All of the technical stuff above is double dutch to me, please help. Is there a major difference in driving either one or fuel consumption etc etc. This is a major decision for us as well as a complete change, we're presently driving an A class RV!

Regards


Arizona :?


----------



## 100512 (Aug 13, 2006)

These are my thoughts and questions Id ask for starters.

The Iveco is a bigger vehicle in terms of spec ie can cary more load. I dont know if it requires some uprated licence or not ie HGV, best check.

Do you want to tow a vehicle or not in which case the additional towing capacity/load carrying capacity of the Iveco may help, its quite a big diference.
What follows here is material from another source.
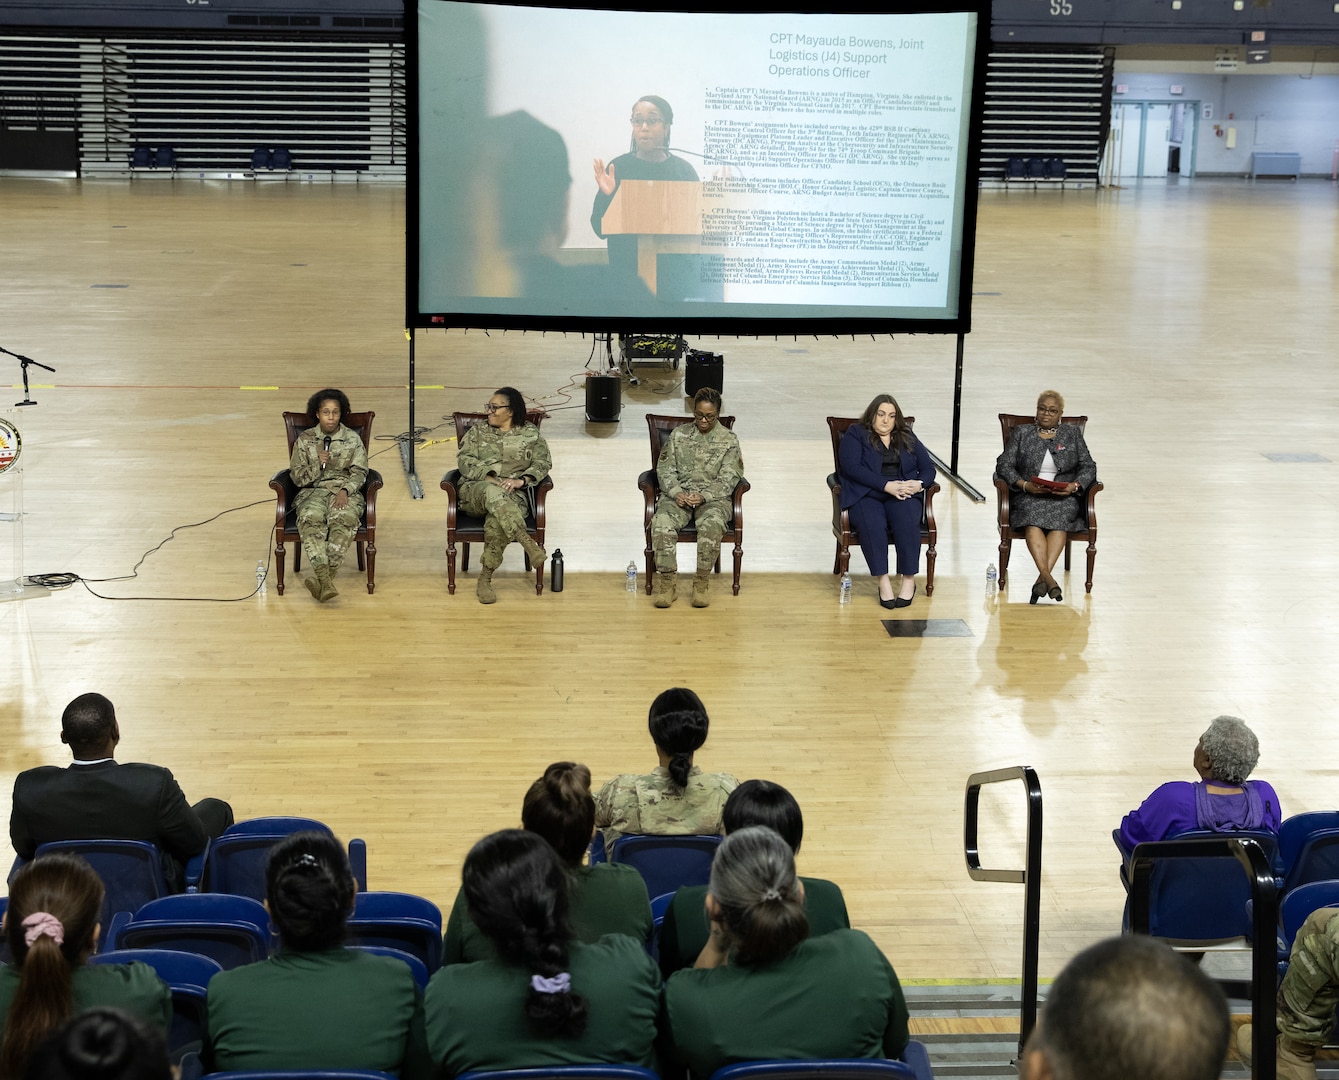 District of Columbia National Guard holds Women Empowerment Panel to commemorate Women’s History Month in the D.C. National Guard Armory, March 28, 2024. The panel features Chief Master Sgt. Naconda Hinton, Senior Enlisted Leader, 113th Medical Group; Capt. Mayauda Bowens, Logistics Support Operations Officer; Chief Warrant Officer 3 Annette Johnson-Tate, DCARNG Officer Strength Manager; Vakisa Bragg, Program Analyst and Ms. Nicole McDermott, Chief of Staff (DCGO-DCNG).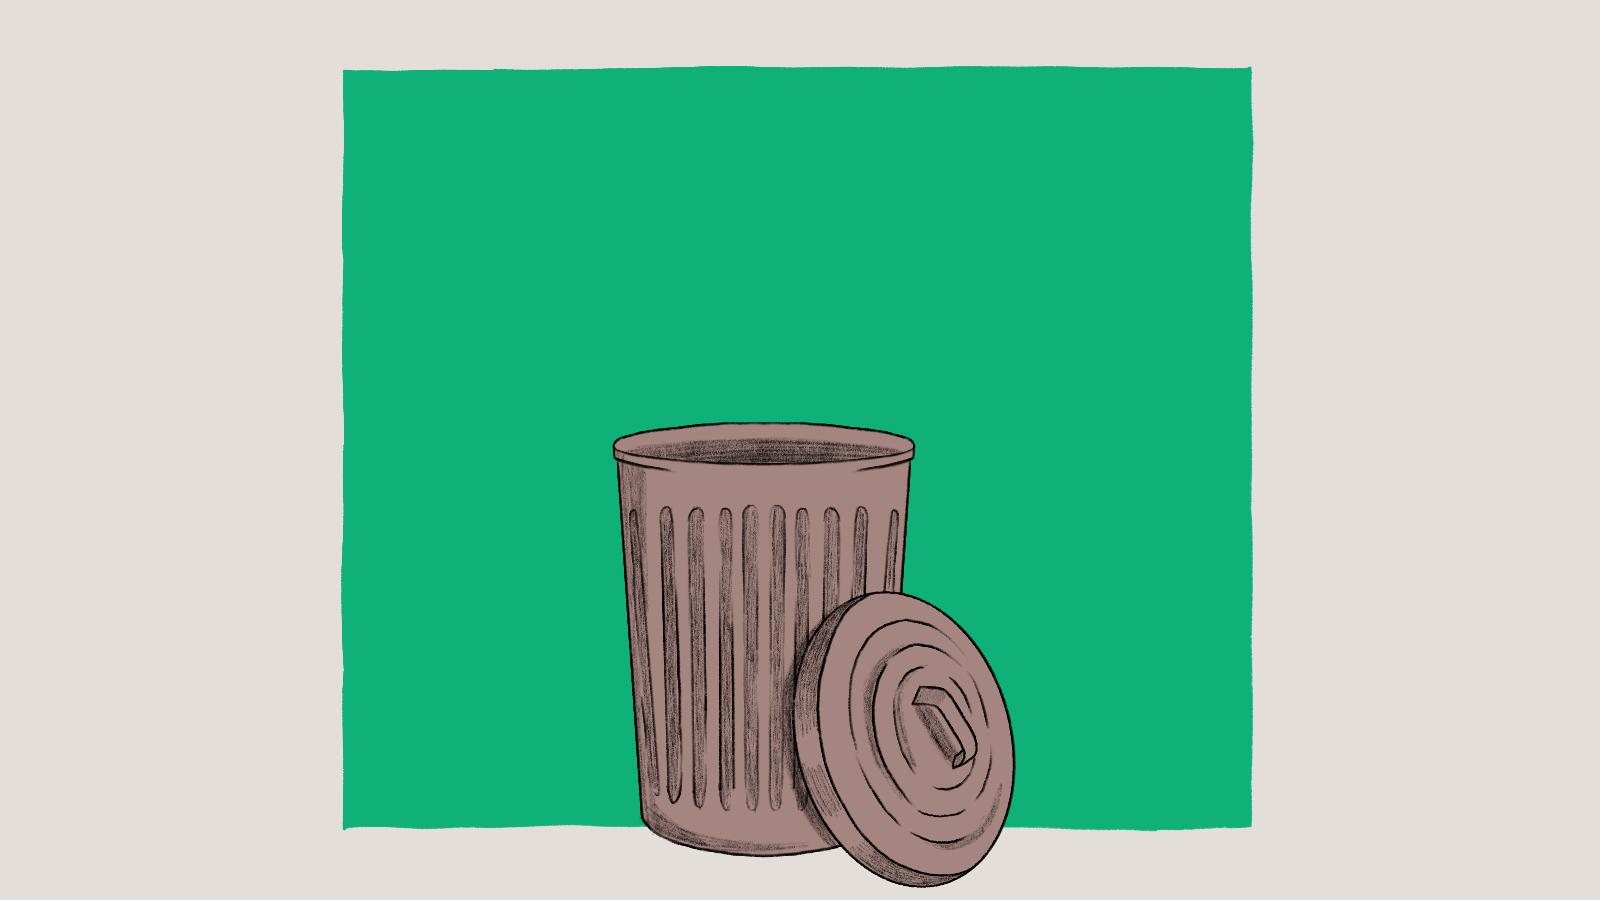 Animation of a yogurt container following the shape of a recycling symbol into a trash can

The Iveco is rear wheel drive (I think) so may be better at getting out of boggy feilds.

Engine power, both will go well. Id guess you can up rate the engine with a powerbox of some sorts if this is a concern. From what users say on this board you a 10% improvment can be expected on the older 2.8 JTD's.

You can fit an aircon in to the Iveco if needed in to the accomodation area, est £2000.

Is there a cost difference ?

Id use silver screens my self, dont know if the blind issue is a concern.

Cant comment on fuel econemy, are there any figures published ?

The Fiat sounds as though it has an AL Ko chassis which are very good and nice to have. The double floor is a good move.


----------



## Don_Madge (May 1, 2005)

Arizona said:


> Calling all you technical and mechanical experts.
> 
> We're looking at buying the new Hobby Sphinx 770 AK GEMC, the question is whether to go for the Fiat or Iveco.
> 
> ...


Hi Arizona,

We ran a Laika A class on the Iveco chassis for three years and it was brilliant. A very good payload, a chassis to hang two 60 litre LPG tanks on, rear wheel drive, the only downside there is you can get the gap between the wheels full of mud in certain conditions.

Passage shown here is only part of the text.